New
Functions mb_chr()
and mb_ord()
The PHP function chr()
creates a string with an
ASCII character of the given value. 65
is the capital
A
, for example:
var_dump(chr(65));
string(1) "A"
The ord()
function converts a single string
character back to its numeric ASCII value:
var_dump(ord('A'));
int(65)
Both functions, just like all other string-related PHP functions,
do not work correctly on multibyte strings like UTF-8. Let us try a
German special character, the ß
:
$char = 'ß';
var_dump($char);
var_dump(ord($char));
As mentioned elsewhere in this book, ß
is a
non-ASCII character that is represented by two bytes, as the first
var_dump()
shows:
string(2) "ß"
int(195)
The string length is two, but the result of ord()
is
just one byte (a value between 0 and 255). Does not really make
sense, does it? That is because PHP just looks at the first byte of
the string, because it does not know about multibyte strings. You
can also try
var_dump(chr(ord('ß')));
to see PHP fail.
To remedy this shortcoming, the multibyte equivalents of
ord()
and chr()
, namely
mb_ord()
and mb_chr()
have been introduced
as part of the mbstring
extension.

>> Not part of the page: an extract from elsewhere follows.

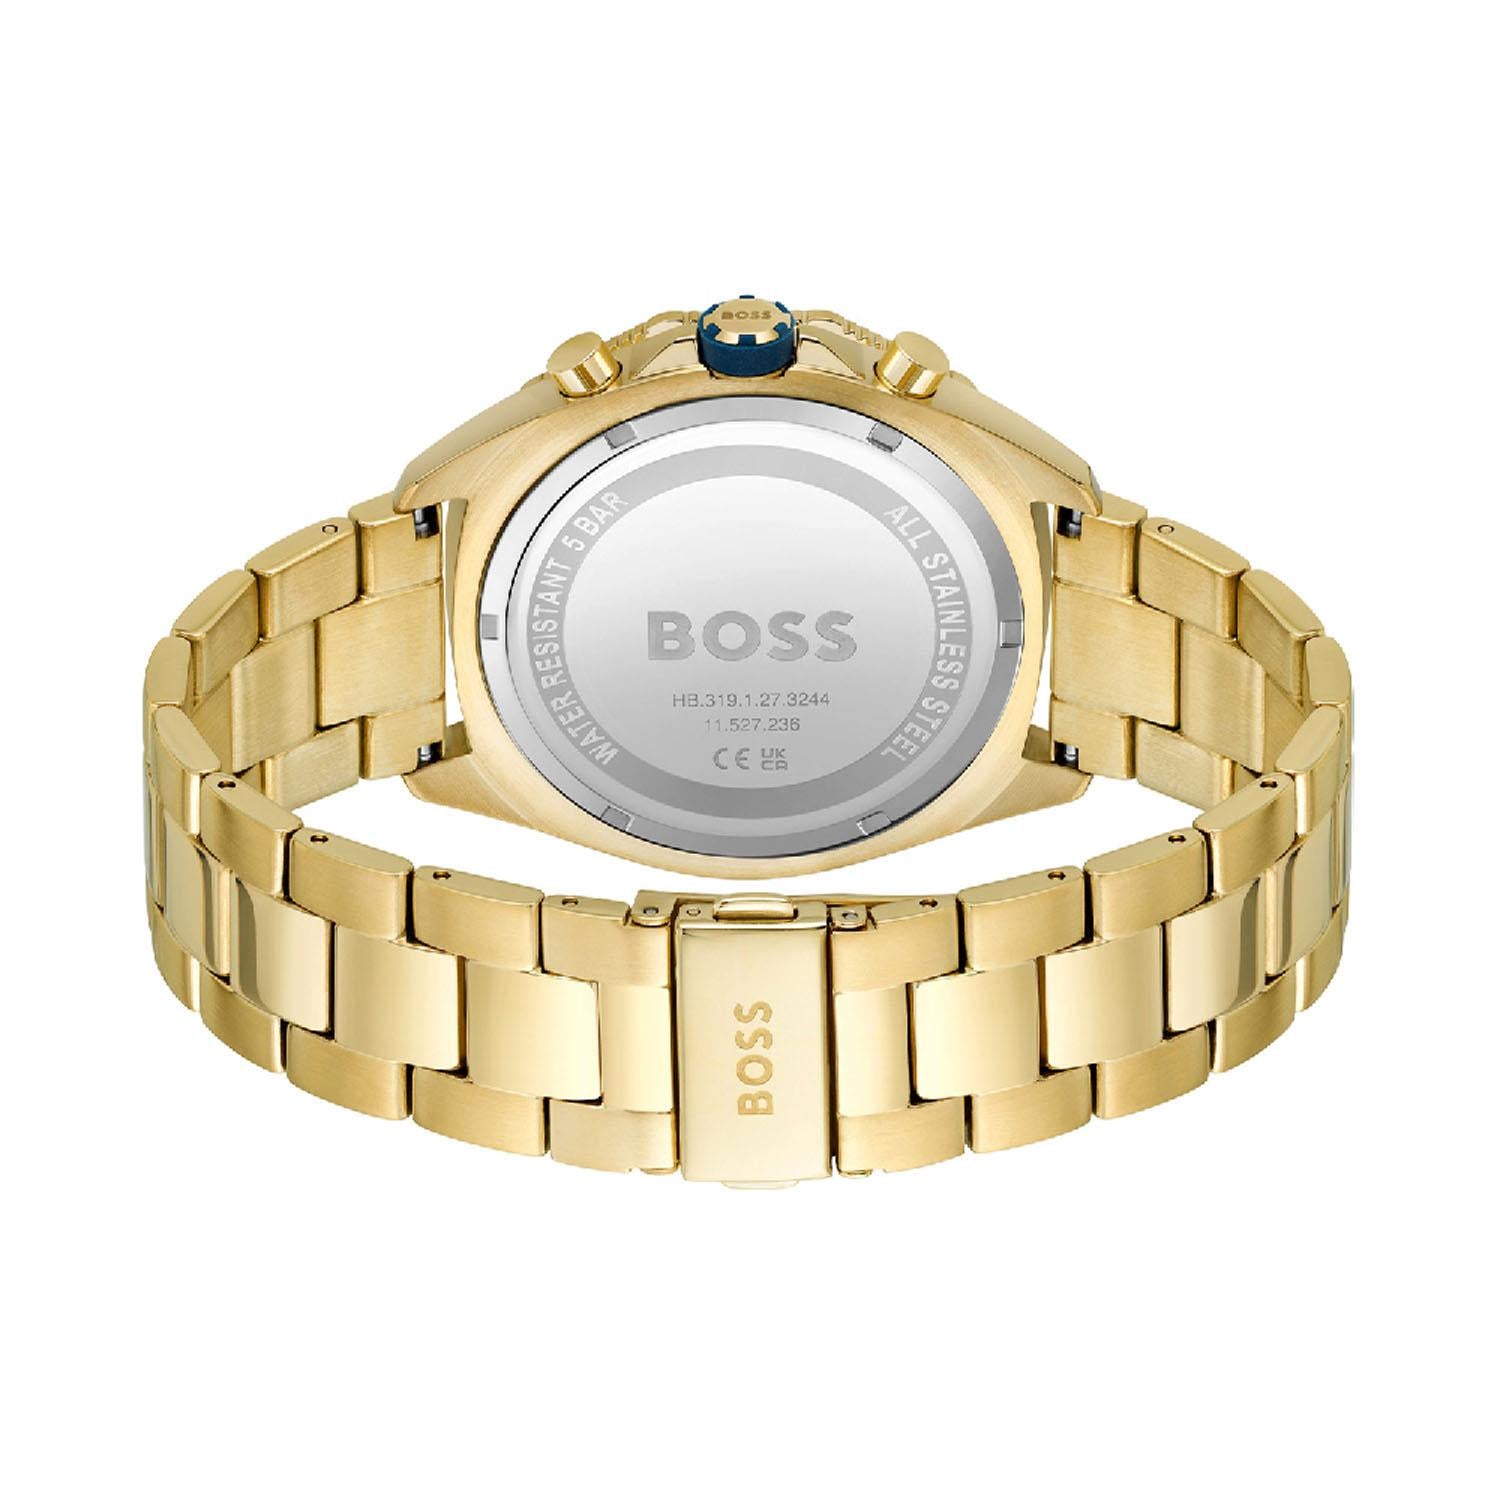 Hugo Boss 1513973 Energy Chronograph Men's Watch
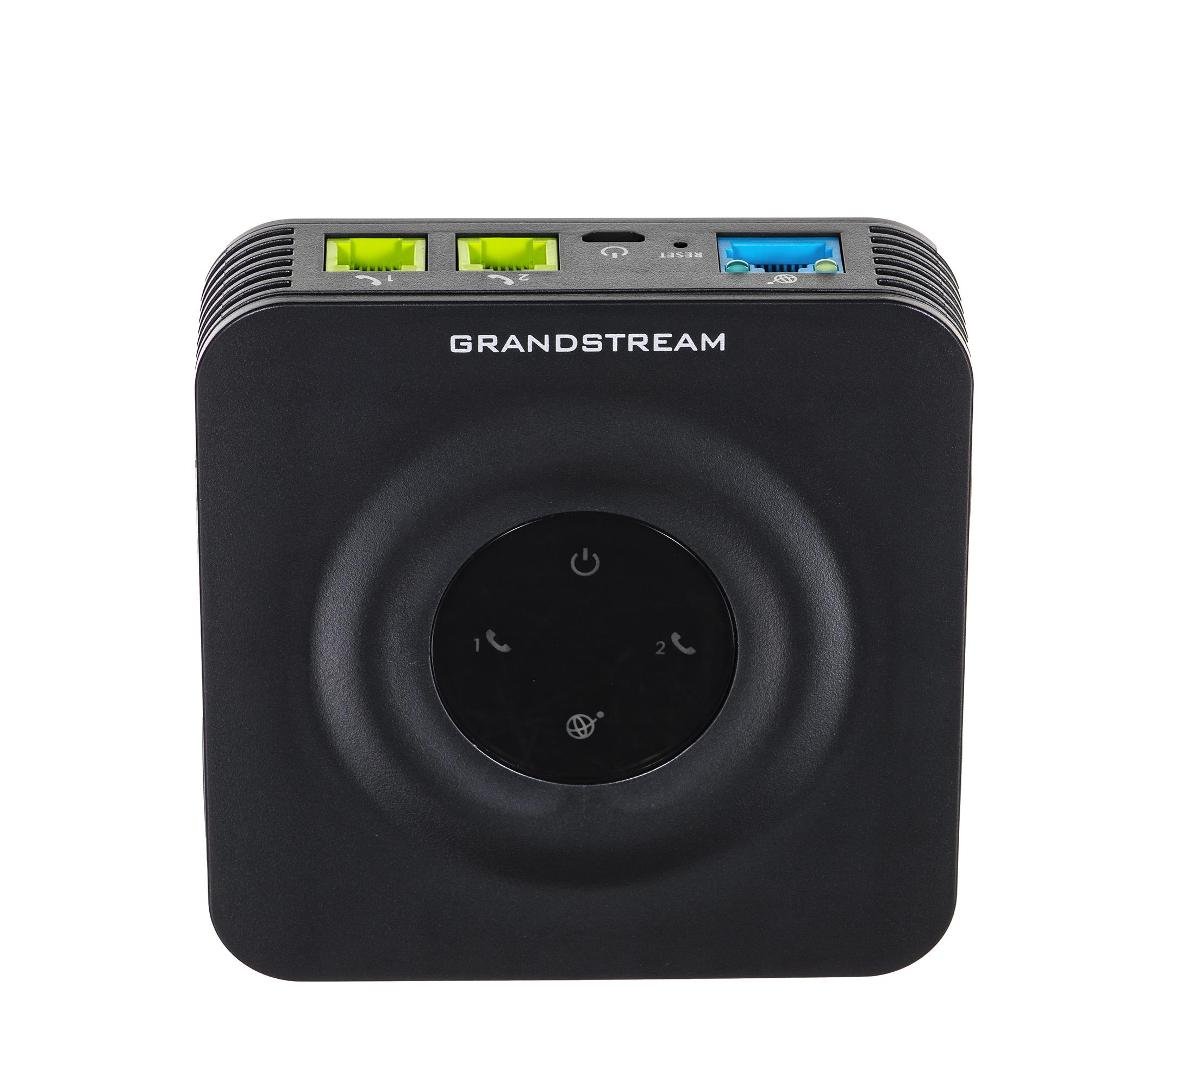 Grandstream Bramka VoIP 2xFXS HT802 NUGRSBR2P000000 [6752894]

Both require the
encoding to be passed as second parameter, but since UTF-8 is
assumed by default, we can also leave the second parameter out:
var_dump(mb_ord('ß'));
var_dump(mb_chr(mb_ord('ß')));
The result makes far more sense now:
int(223)
string(2) "ß"
And while we are at it:
var_dump('ß');
var_dump(mb_strlen('ß'));
This will result in:
string(2) "ß"
int(1)
Here you can directly see the difference between counting bytes and counting code points.